I want to do text categorization on a dataset of news. I have a lot of features like subject
, keyword
, summary
, etc... all of these features are stored in one cell array of structs, each struct looking like this:
label: 'misc.forsale'
subj: ' Motorcycle wanted.'
keyword: [1x190 char]
reference: []
organization: ' Worcester Polytechnic Institute'
from: ' [email protected] (John Kedziora)'
summary: []
lines: ' 11'
vocab: [4x2 double]
I want to classify them with class = classify(test, train, target, 'diaglinear');
but these functions only receive arrays as input, and do not accept cells or structs.
I can't convert this cell array to one multidimensional array because the amount of features varies (for example, one subject has two words and other has three words).
What can I do?
Do some feature extraction first. For example, tokenize the strings, then use TF-IDF.
You can include the key with the tokens. This is a common practise in information retrieval. See the Xapian manual for an example.

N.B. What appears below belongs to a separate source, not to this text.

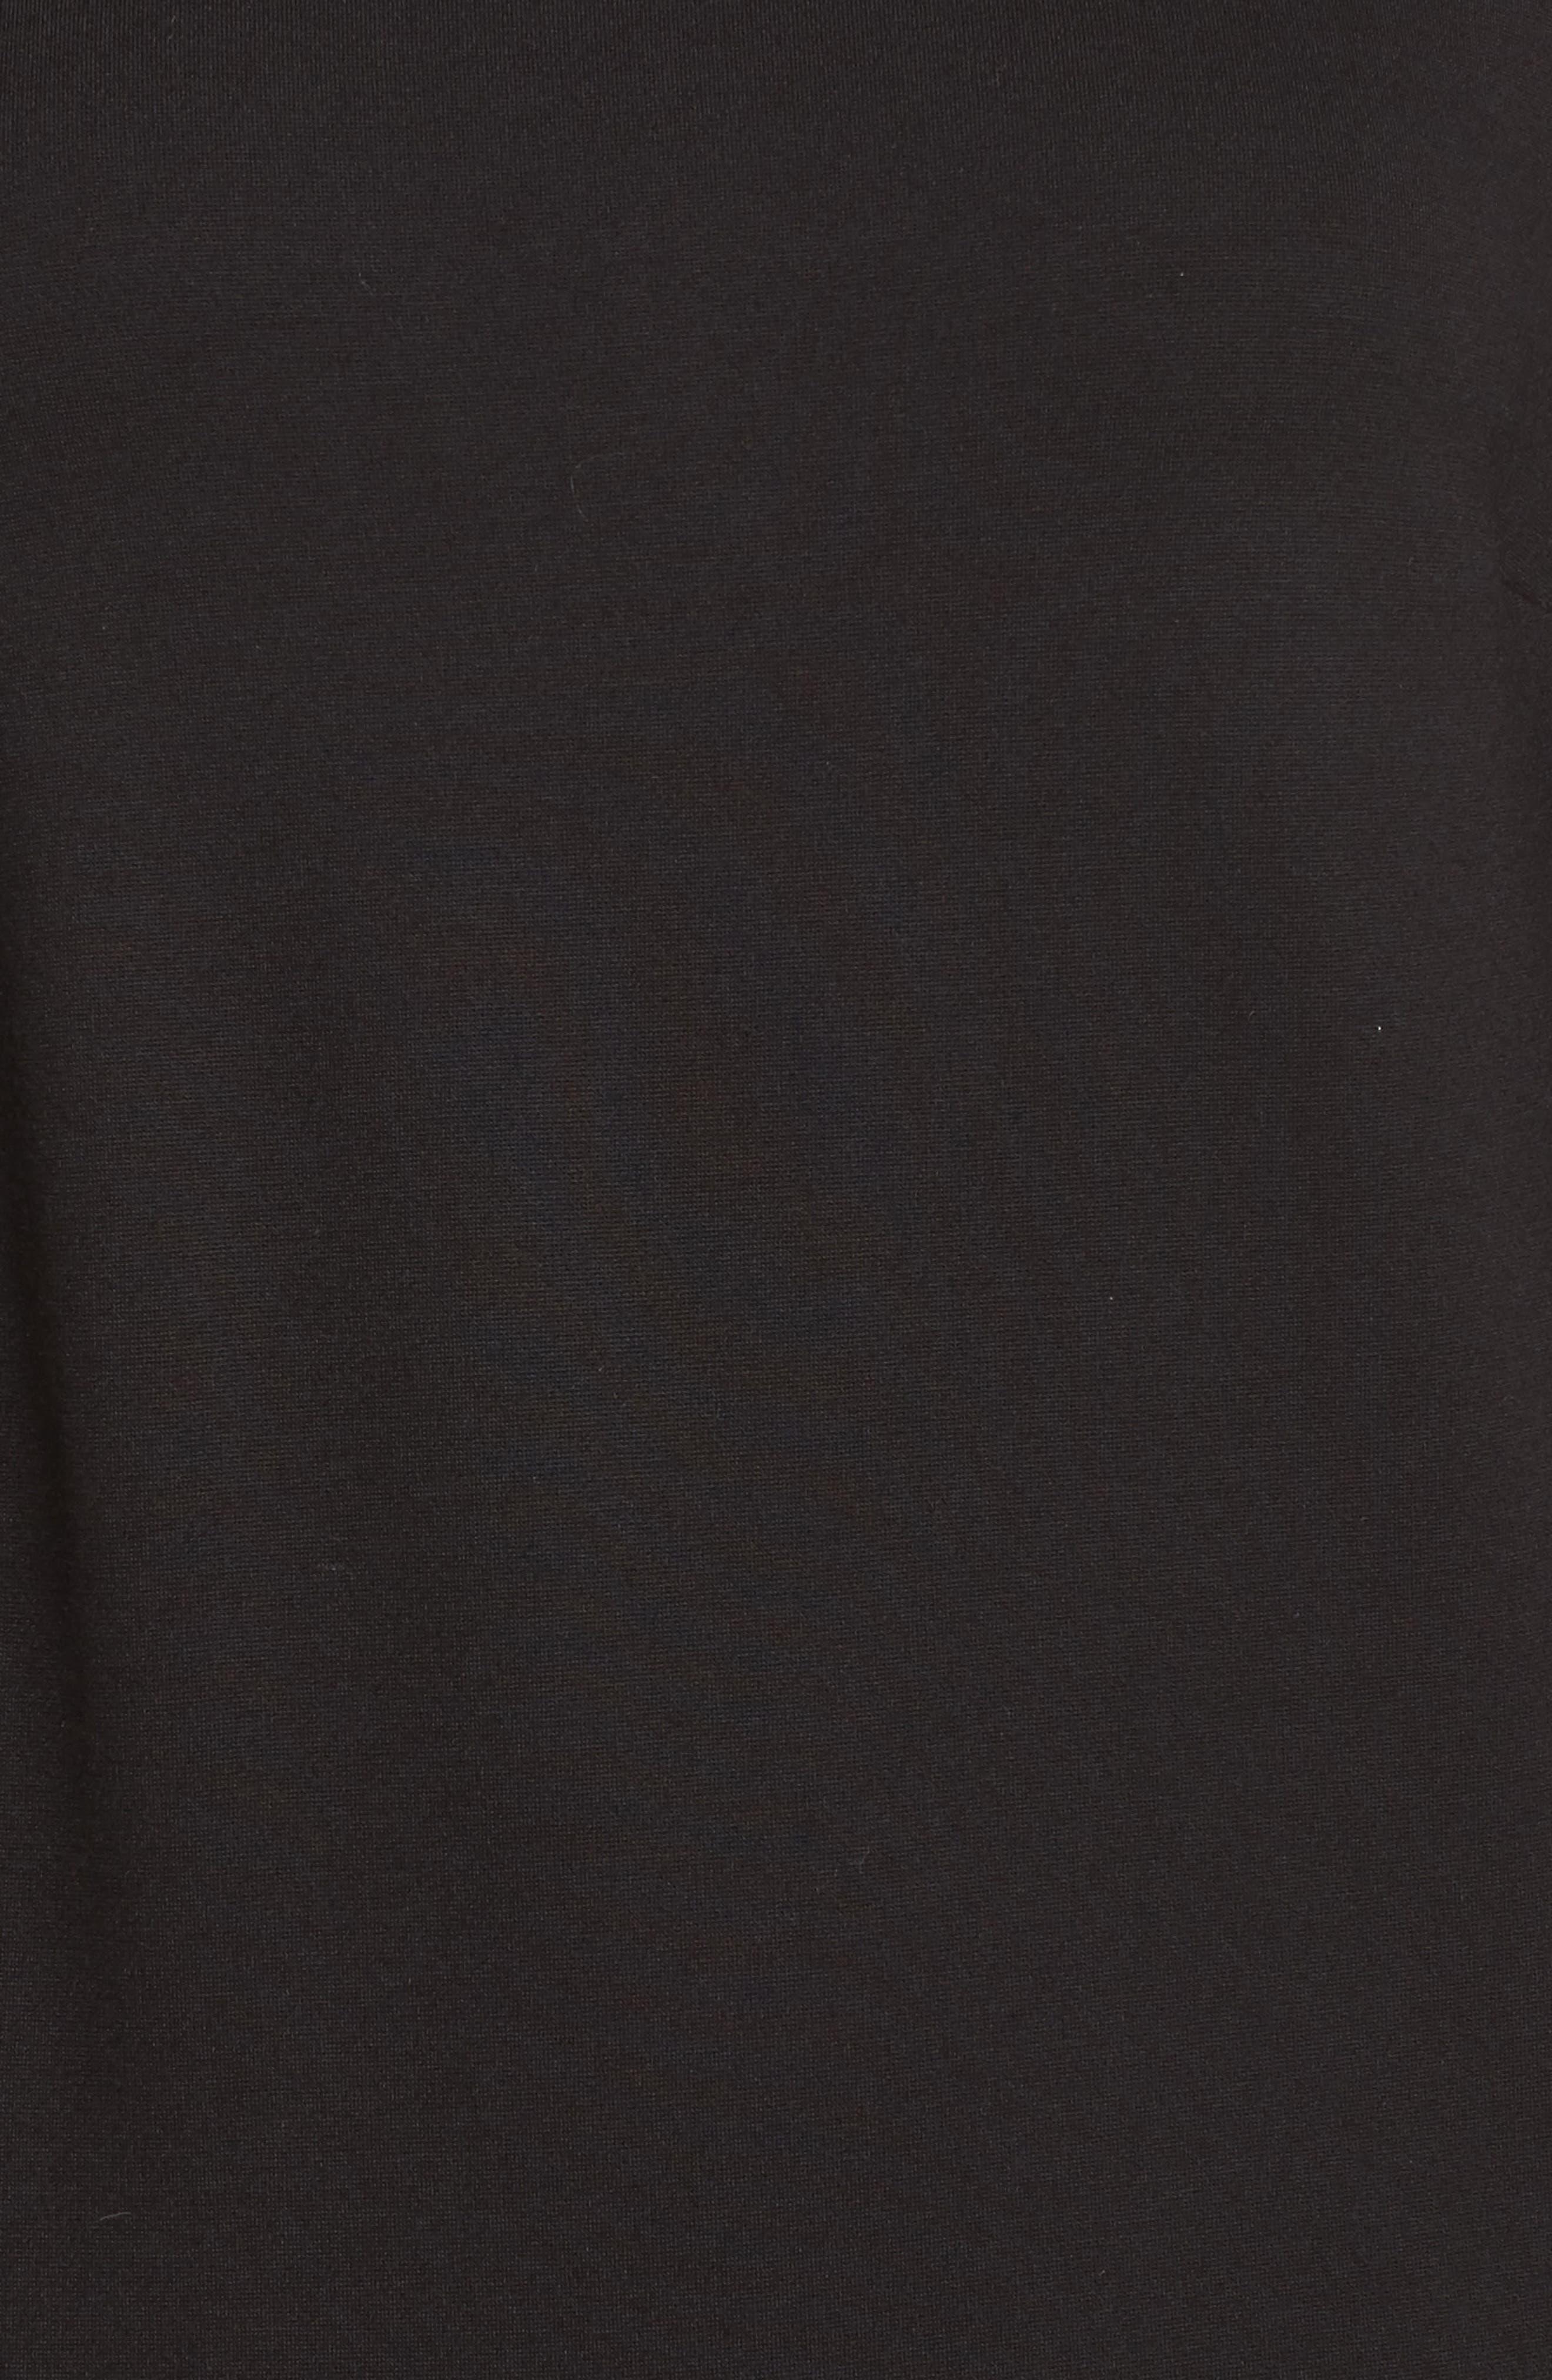 Matuku Lula Bell Sleeve Dress,                             Alternate thumbnail 5, color,                             001

Usually, you will do some stemming, e.g. Examples -> exampl
. Now, just add a prefix to make the words distinct depending on their occurrence. E.g. Sexampl
when the subject contained example
and Kexampl
when it was a keyword.
Then you have a "bag of words" representation that is used everywhere. They even do this for mining images, it's called "visual words" then. These aren't english-language words either.